I tried to explain in the previous videos that there are several different definitions of covariant derivative. When we're talking about the covariant derivative on a 2D surface living in 3D space, then the covariant derivative is the ordinary derivative with the normal component subtraced. Later in video 20 I tried to explain there's a more "abstract" version of the covariant derivative that works in abstract curved spaces ("Riemannian Manifolds"). This covariant derivative is inspired by the above definition on 2D surfaces, but it's ultimately just a set of abstract properties (for example, the covariant derivative is defined to obey the product rule). This abstract definition is the one I'm using here. Does that make sense?

Substracting Lie Bracket from what?

​@@ht4792 Well, as someone who is not knowledgeable in the area. I would imagine that you subtract it from the equation you used to calculate the Lie Bracket from. In other words, you just add an extra term to the equation (but negative) that closes it. Maybe it makes no sense or becomes an iterative solution, who knows. I have no clue.

​@@harrysvensson2610 I'm also still learning it. (If I understood what you said correctly.) If we perform the said operation, then it just becomes Lie Bracket - Lie Bracket and becomes zero which does not mean closing the field.

I believe they cancel, because the "extra" term in the transformation law us a 2nd partial derivative with respect to the lower indexes on the connection coefficients. Since you can swap the order of differentiation for partial derivatives, the terms cancel whem we subtract the connection coefficients.

The L-C connection seems to be the unique connection that has some certain properties (mentioned in previous videos), like torsion free and metric compatibility.

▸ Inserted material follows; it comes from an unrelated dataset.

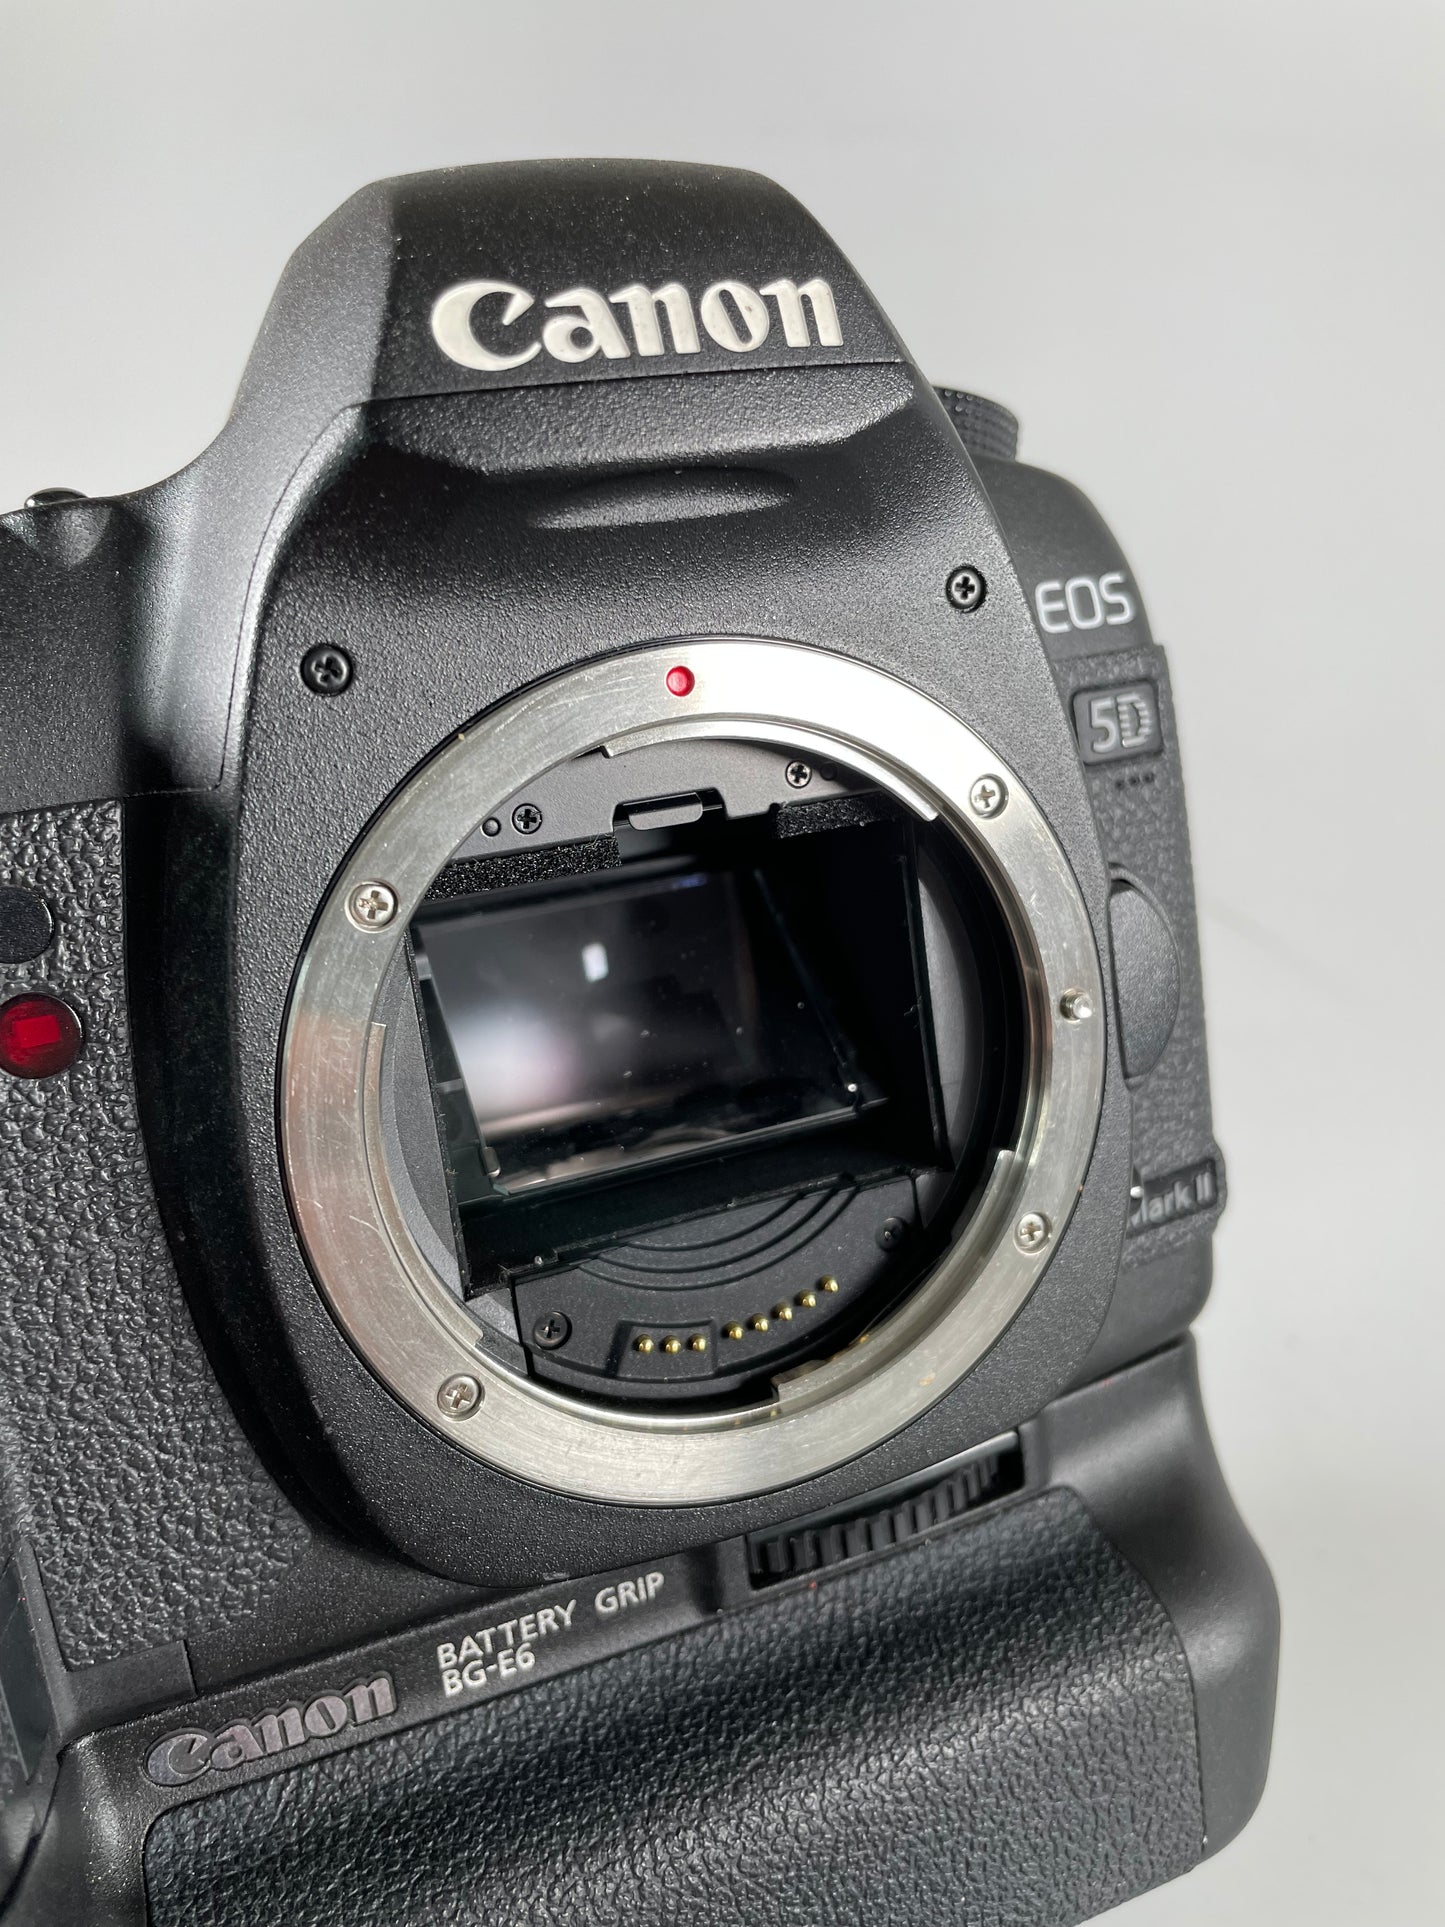 Canon 5d mark ii digital camera SLR Body w/ BG-E6 SC: 25k

So, in my Tensors for Beginners series, I don't talk about calculus at all. I do talk about covectors acting on vectors, such as alpha(v) or beta(u)... this makes sense because a covector is a function. In Tensors for Beginners, the idea of a vector acting on a vector v(u) doesn't make much sense. In Tensor calculus, things change, because we re-interpret vectors to be derivative operators. Now a vector can act on just about any field. This includes a scalar field (a normal scalar-valued function)... in this case v(f) gives us the derivative of f in the direction of v. We can also apply v to other vector fields like u, which is v(u). I don't know of a simple way to write this operation out in "matrix" form since it's not a dot-product... it's an actual derivative operation where we need to do things like product rule, and matrix notation might not deal well with that.

@@eigenchris I have the same question. I think I get what you say. However, I could not get what does it mean to vectors acting on vectors in physical (or geometric) point of view. Yes we can think partial derivatives as base vectors but when I try to represent a physical vector field partial derivatives become meaningless to me. For instance let E be electric field vector and B be magnetic field vector. if I write E(B) it does not mean anything to me. Is there a more intuitive way of thinking that you can suggest because obviously I am missing somethings.

They are the same in the special case of the connection having the "torsion-free" properties. The main example of a covariant derivative is the Levi-Civita connection, which is indeed Torsion-free. But there are other connections that are not torsion-free. I actually haven't given any examples of a connection with torsion in this series, unfortunately. You could make one up just by setting Gamma^k_ij to something other than Gamma^k_ji.

@@eigenchris is /partial_i /partial_j equal to cristoffel symbol^k_{I,} /partial_k ?

Other than saying "the covariant derivative has connection coefficients", i'm not sure what else to say. what is confusing you?

@@eigenchris I watched your previous videos and fully understand that the covariant derivative essentially describes the extrinsic total change of a tensor without counting the change due to the curvature of the manifold in which it lives. For example, if you draw a straight line and then warp the paper however you like, the tangent vector to the line will always have zero covariant derivative. I am looking for a similar intuitive graphical understanding of the Lie Derivative. What character does a tensor field have when its Lie derivative is zero along certain integral curves? In this video, you talked about the special case of vector, ie. a (1,0) tensor. Then the Lie Derivative takes the form of a Lie Bracket. There are two things in this video that I do not agree with.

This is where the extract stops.